The fire, which has already burned two houses and seven outbuildings, was just 5% contained Wednesday after consuming more than 16,000 acres.
U.S. Forest Service spokesman Jerry Snyder said resources for a "Type 1" incident command system of the fire would afford “larger capabilities” in the way of personnel and other resources.
Since the fire started Saturday, nearly 860 people had been assigned to fight the blaze as it burns along steep ridges and hillsides in the Stanislaus National Forest.
With the fire continuing to spread, having the Type 1 command in place would put the Rim fire in higher priority for more air resources, Snyder said.
"It's still an active, growing fire," incident command spokesman Dennis Godfrey said Wednesday. "We're putting a lot of resources into it."
The blaze forced authorities to close Hetch Hetchy Road and Highway 120 from Groveland to Yosemite’s Big Oak Flat entrance station. The flames were moving up the Tuolumne River, had jumped the highway and were moving into more forest, officials said.
Communities along Ferretti Road, which branches off from California 120, were evacuated. The highway was also closed at Ferretti.

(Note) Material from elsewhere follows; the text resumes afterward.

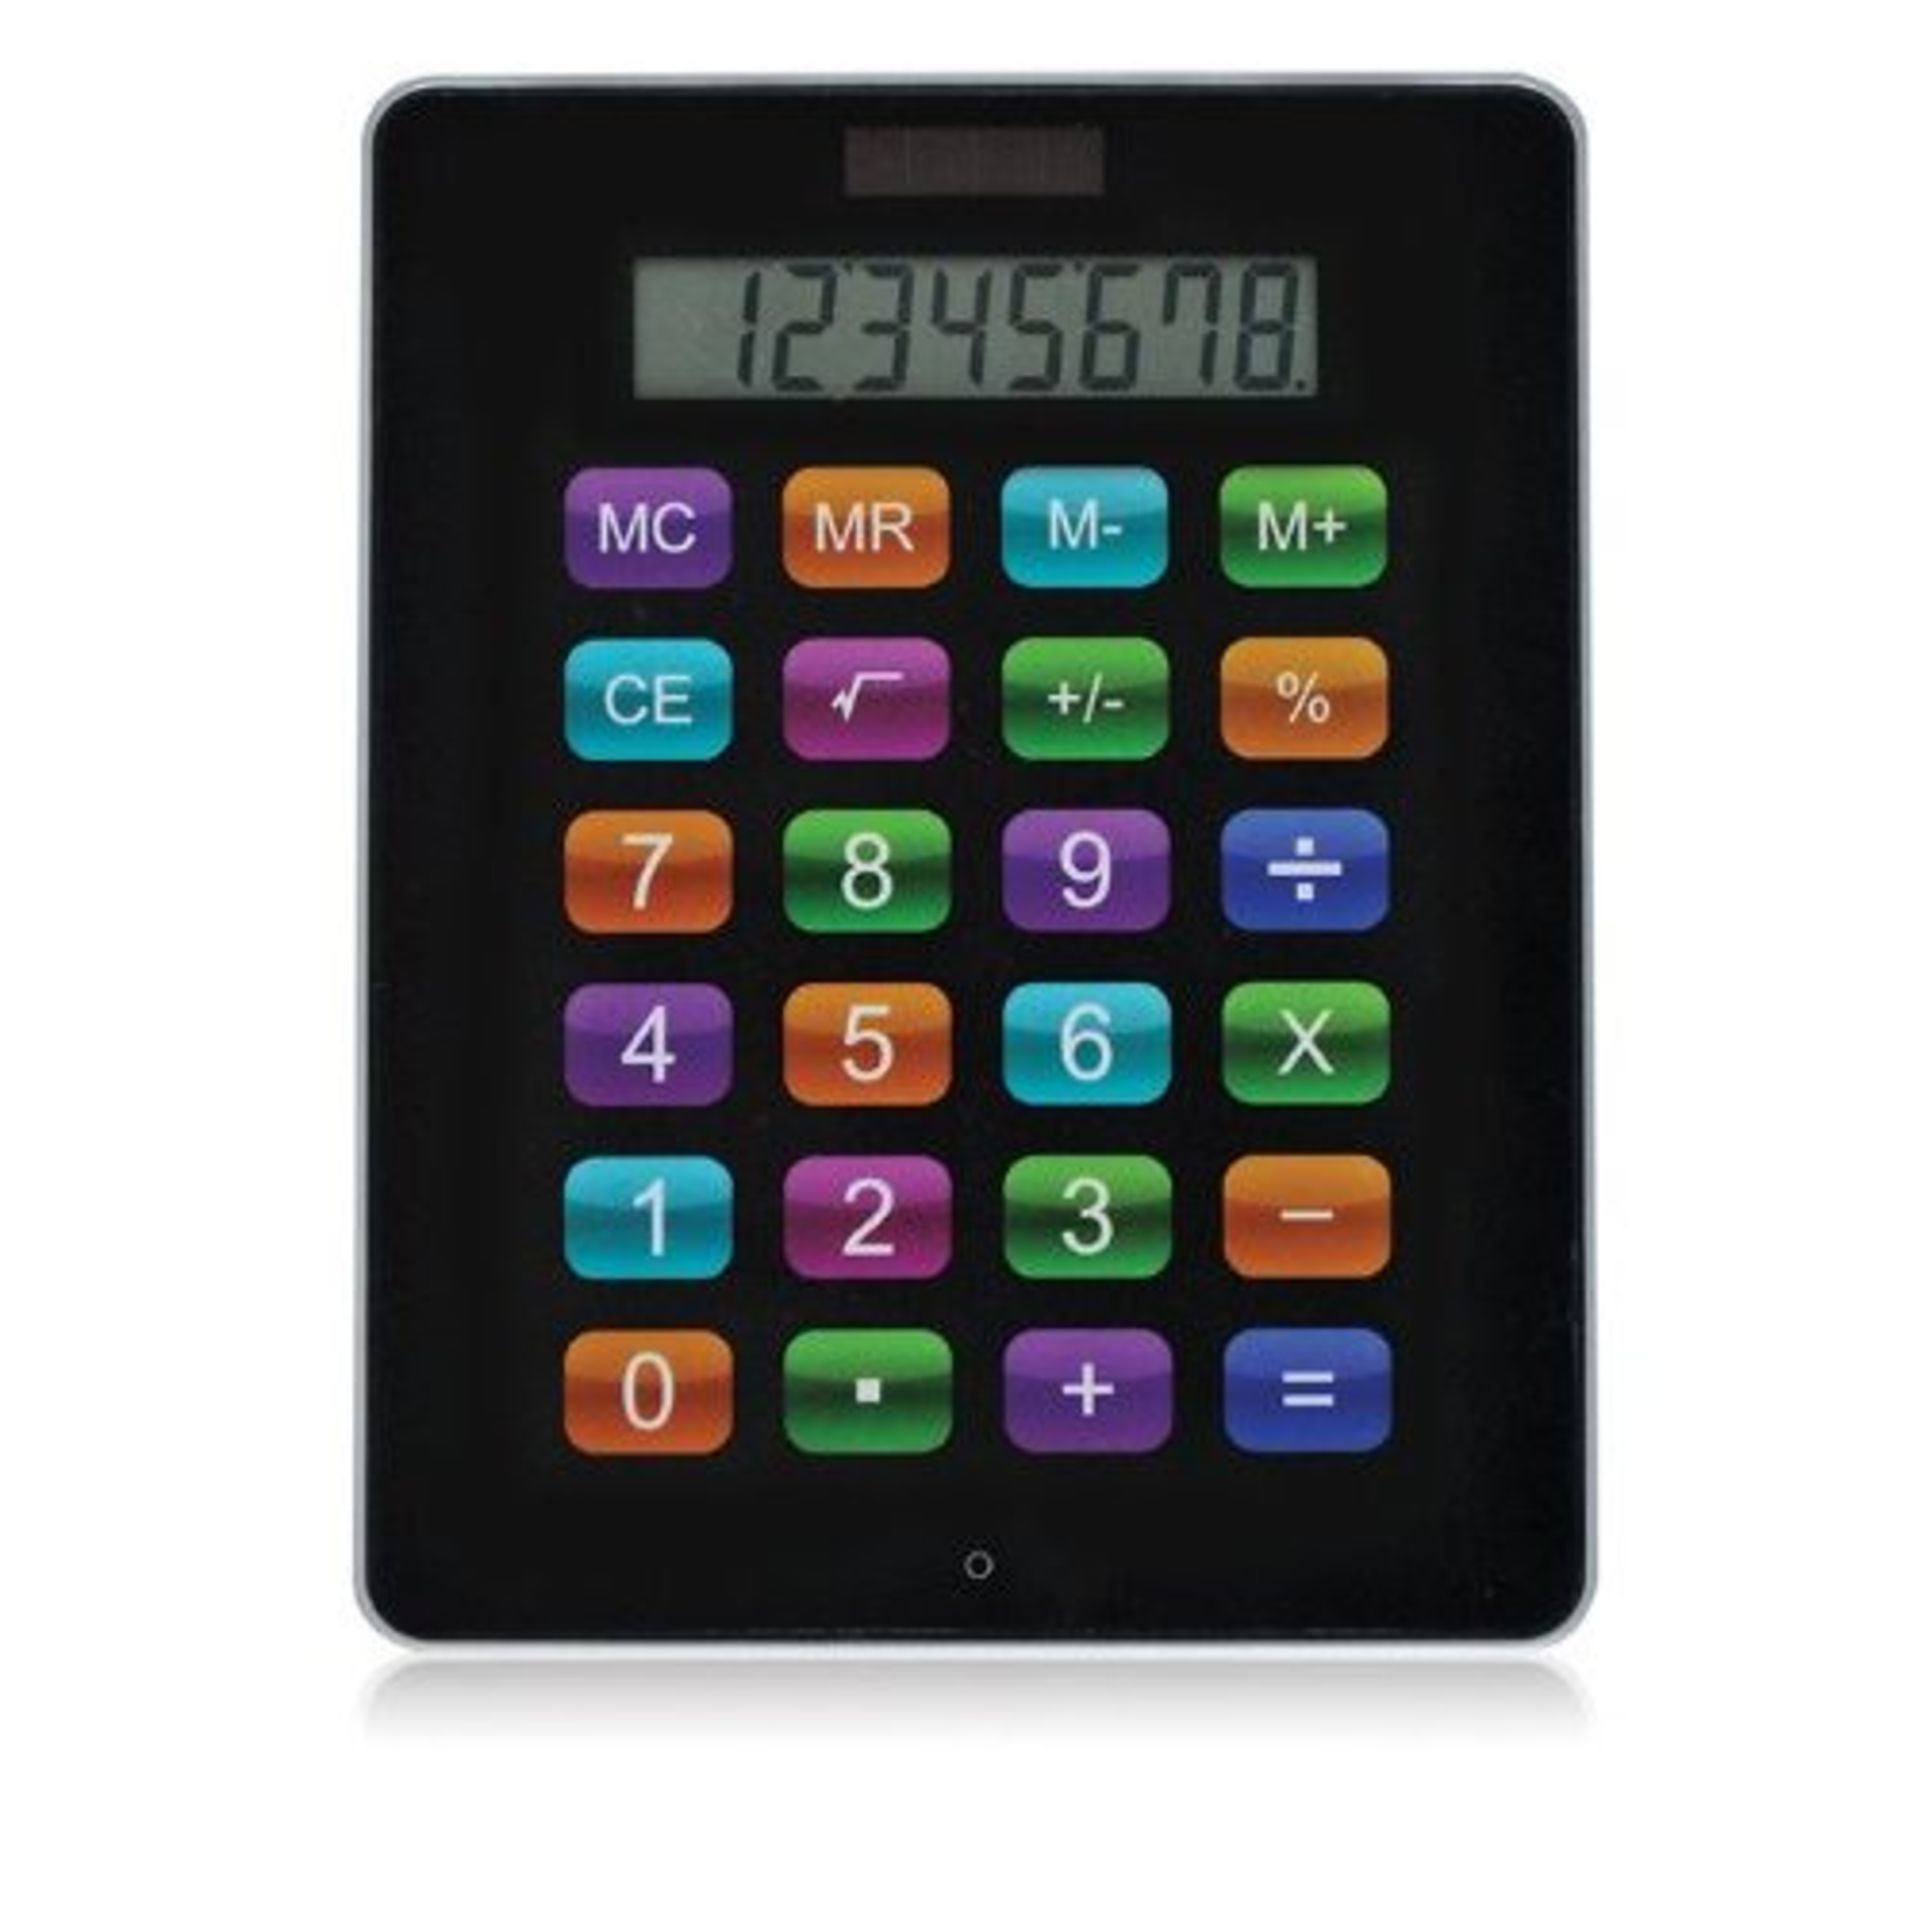 V *TRADE QTY* Brand New Ipad Calculator-Battery powered with solar backup X 3 YOUR BID PRICE TO BE

More than 700 firefighters were struggling with the blaze as it burned along steep ridges and hillsides in the Stanislaus National Forest.
So far, the fire has posed little more than a headache for Yosemite visitors, park ranger Kari Cobb said.
“The park’s completely open. It’s pretty far out of the park,” she said.
Visitors have to use another entrance because of the Highway 120 closure and there’s a smoky haze over the western edge of the park, but otherwise it’s business as usual, she said.